Dari tadi aku sangat curiga, penjual ronde itu seorang intel, dan pembelinya juga intel. Dari gerak-geriknya saja mudah kutebak. Celingukan kesana kemari mencari seseorang, dan bisa jadi akulah orangnya. Sebenarnya aku bisa saja lolos dari pengintaian ini, namun bayang-bayang Lilik seolah melemahkan niatku. Apakah aku harus lari ataukah menyerahkan diri? apalagi Lilik bersedia menerimaku apa adanya.
Malam itu aku berpikir keras, menimbang keinginan untuk lari ataukah menyerahkan diri. Pilihan getir bagiku. Jika lari sudah pasti aku akan berpindah-pindah tempat untuk bersembunyi. Itu artinya hanya sedikit waktu untuk bertemu Lilik.Â
Tapi, jika menyerahkan diri, sudah barang tentu aku akan dipenjara. Lalu Lilik akan menjengukku di penjara seminggu sekali. Itu pun hanya beberapa menit. Berulang-ulang sampai setahun, dua tahun bahkan puluhan tahun lamanya.

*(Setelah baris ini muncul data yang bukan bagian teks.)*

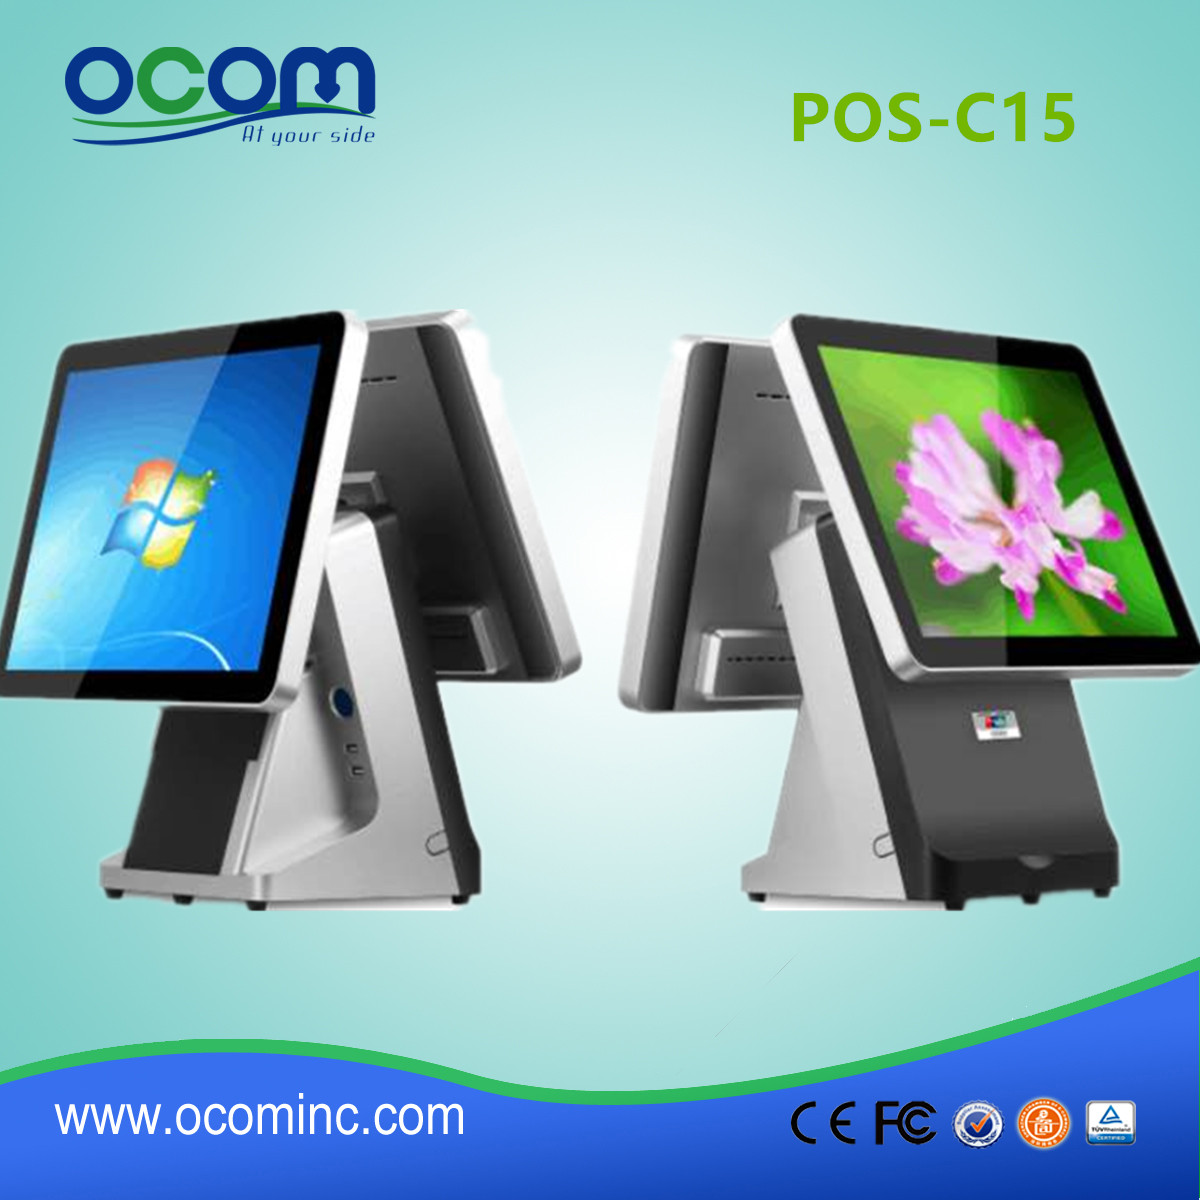 POS-C15 --- China gemaakt touchscreen pos terminal met thermische printer alles in een prijs

"Sialan, gimana ini? lari, menyerah, lari, menyerah, lari...... asyem tenan" batinku terus mengumpat saat kepalaku pening memikirkan jalan terbaik.
"Tuhan, kenapa kau hadirkan Lilik di saat genting seperti ini? aku harus bagaimana Tuhan?" kali ini batinku mereka-reka ketegaran yang berserakan.
"Hahahaha, tolol benar aku ini, mana ada penjahat ingat Tuhan ha?" aku terkekeh lirih, mengolok diriku sendiri.
Sementara di luar kontrakan dua orang itu tak kunjung beranjak. Sudahlah, kedok kalian mudah kubaca. Mana ada pembeli minum ronde sampai berjam-jam? apa perutnya kuat menahan panas jahe?
"Ngaku aja intel, nggak usah nyamar-nyamar, nanti kecewa lo kalau aku lari duluan, hikhikhik" aku terkekeh lagi. Dari balik korden jendela ruang tamu kuamati kedua orang itu tetap celingukan. Rumah kontrakan ini sangat dekat dengan jalan kampung. Jadi aku sangat jelas melihat gerak-geriknya. Lagipula penjual ronde itu sering memegang telinganya, itu pasti alat komunikasi dengan rekan intel lainnya.
Aku mengendap-endap masuk kamar, supaya dua orang itu tak melihat bayanganku. Untunglah dari tadi lampu telah kumatikan, semuanya nampak gelap. Hanya nafas dan degup jantungku yang terdengar, selain itu hening.
"Lilik, aku bersumpah, demi kamu aku rela menjadi apapun. Kuharap kau mendo'akan aku, semoga apa yang kupilih ini adalah yang terbaik. Ya, aku harus melarikan diri" gumamku memantapkan hati.
Kusiapkan keperluan untuk melarikan diri. Tak lupa, kuselipkan sikep (jimat) pada ikat pinggang sesuai saran Ki Dukun. Seluruhnya telah siap. Baju hitam, celana hitam, dan sarung yang menutupi wajah. Sekarang.....waktunya melarikan diri.
"Jontor bibirmu kebanyakan minum jahe, rasain" pekikku lirih sebelum membuka perlahan pintu belakang.
-----*****-----
"Sudahlah Nduk, lelaki di dunia ini bukan hanya Parman saja, mbok ya kamu pikir, Kang Dul itu sebentar lagi jadi Carik di desa ini. Kang Sobirin punya pabrik tahu. Kang Rokim malah baru lulus sekolah polisi. Apa kurangnya mereka semua Nduk?" nasehat Pak Burhan kepada anak perempuan satu-satunya, Lilik.
"Cinta itu sulit Pak, Lilik nggak bisa menjelaskan mengapa kok membiarkan Kang Dul, Kang Sobirin, Kang Rokim dan siapapun yang sudah pernah melamar Lilik. Bagi Lilik Kang Parman sudah cukup menarik dibanding lainnya, bapak mbok ya hargai pilihan Lilik" timpal Lilik sambil sedikit sesenggukan.